7. Flips drop-out to drop-in
Drop-out in MOOCs is not the problem people imagine – it’s a category mistake, taking the old-school concept of high-school drop-out or University drop-out. and applying it wrongly in this new domain. I’m just amazed that millions have dropped in! let’s celebrate the fact that tens, even hundreds of thousands turn up for these experiences before pointing the finger. I have stopped in some MOOCs, I’ve also stopped in lots of things – that’s life. I’ve rightly stopped reading some books and watching some movies. Stopping is rational, continuing with a course you don't like for months or years is not.
8. Flips criticism
Before they’ve had a chance to breathe, sections of academia have tried to throttle the infant at birth. They have failed of course. The fact that MOOCs have been such a gadfly is as sure a sign as any that they are having impact. Let’s flip this. The immediate criticisms, on drop-out, pedagogy, inclusion, human contact, assessment and monetisation express a deeper fear, that these things may not be so great in offline Higher Education. The pedagogy is varied and evolving experience is richer than most people imagine and, above all, people like them and use them.
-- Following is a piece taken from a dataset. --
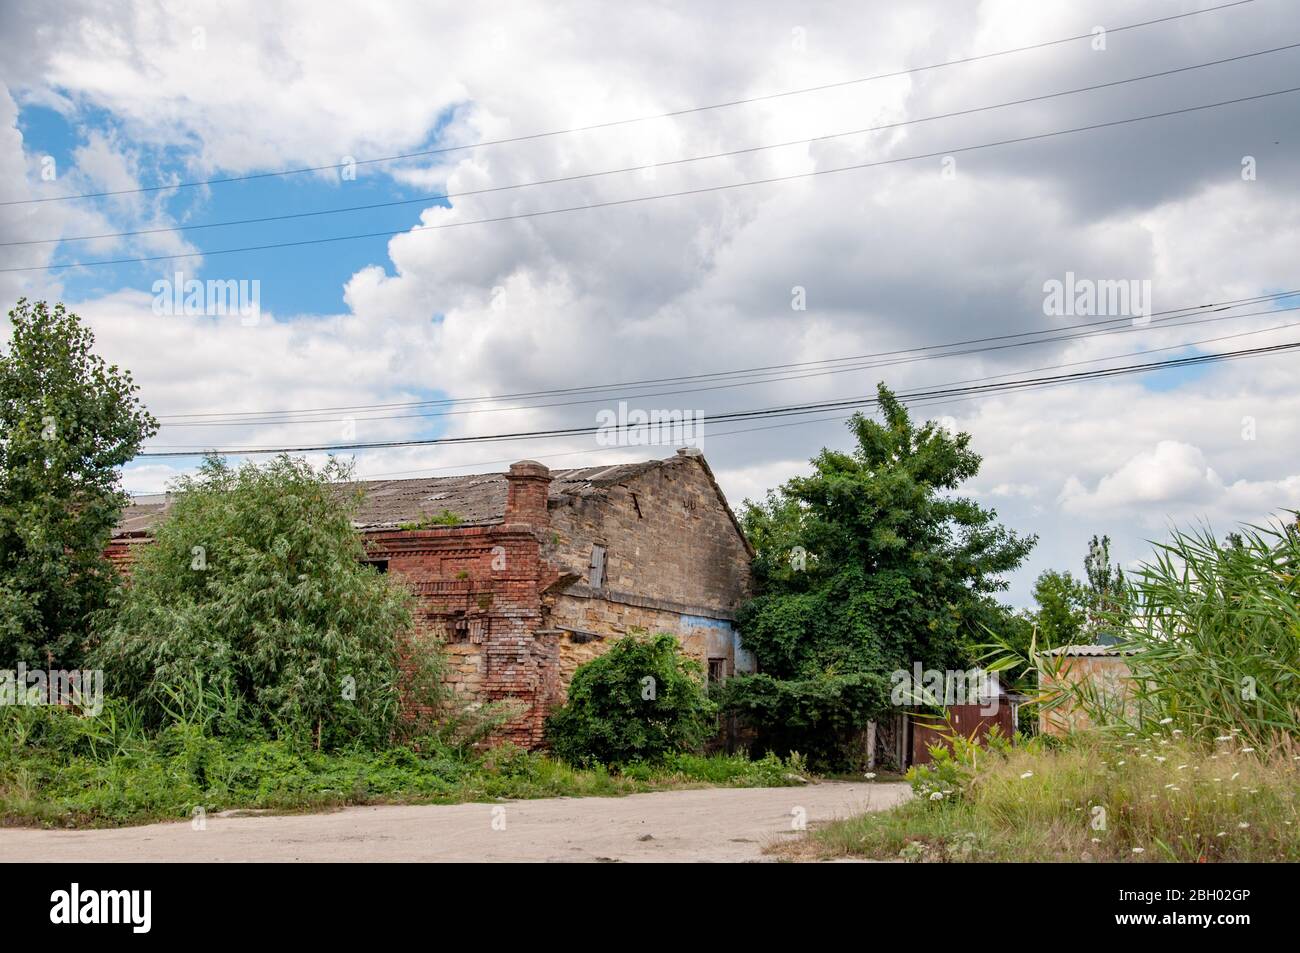 Verlassene Haus mit baufälligen Ziegelmauern, überwuchert von Kletterpflanzen und grünen Bäumen. Wolkiger Himmel über Dorf Szene in der Ukraine Landschaft. Stockfoto
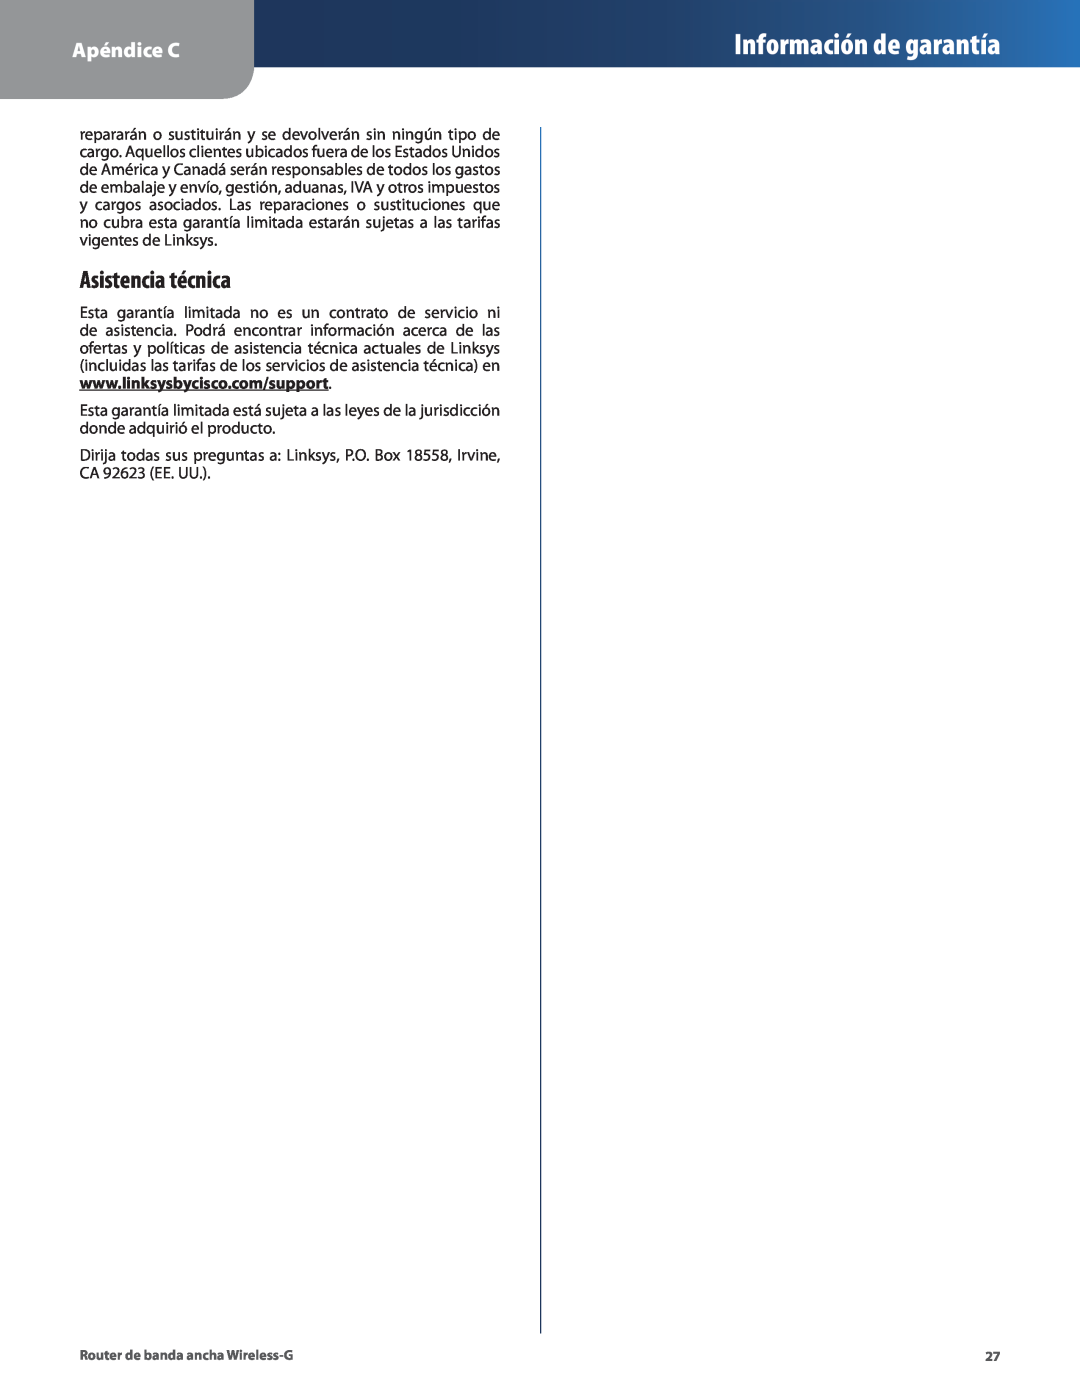 Cisco Systems WRT54G2 manual Asistencia técnica, Información de garantía, Apéndice C

9. Flip from inward to outward
MOOCs are not only the outward facing democratisation of education but internally a facilitator for change and internal improvement. They hold a mirror up to Higher Education and force us all to ask more searching problems about the purpose, methods and costs. In this sense MOOCs have flipped from inward to outward delivery then flipped back into internal catalysts for change.
10. Flipped University
For the first time in 1000 years we have flipped education to delivers quality education to massive numbers, at low cost, that people want and enjoy. And what’s the response by the curmudgeons? Not in my back yard. It’s intellectual nimbyism. The reason MOOCs have succeeded, when so many smaller, even funded initiatives by and within Universities have not, is that it boldly flips the model. Inward looking attitudes have turned outwards, internal courses have flipped into external courses, the 18-year old undergraduate has been flipped into lifelong learners. The agricultural calendar has been flipped into anywhere, anytime. The offline only model has been flipped into the online model. The extortionate costs have been flipped to zero at point of delivery. What’s not to like here?
Conclusion
You might assume from above that I’m being critical of Universities. Well, to a degree, as they have their serious deficiencies in pedagogy, some poor teaching and high costs. In fact I want more and better Higher Education, not a system premised on scarcity and elitism. Like the flipped classroom, MOOCs may be the best thing that’s happened to Higher Education in the last two hundred years. It may encourage growth in higher education, based, not on the paper chase for degrees, the cramming, the poor teaching and primitive assessment but to a newer model, where students are drawn from a wider world and can try and take courses when they want from where they want. Are we in not the learning game? Can’t we celebrate access and low costs for learners? AMEN to the MOOC!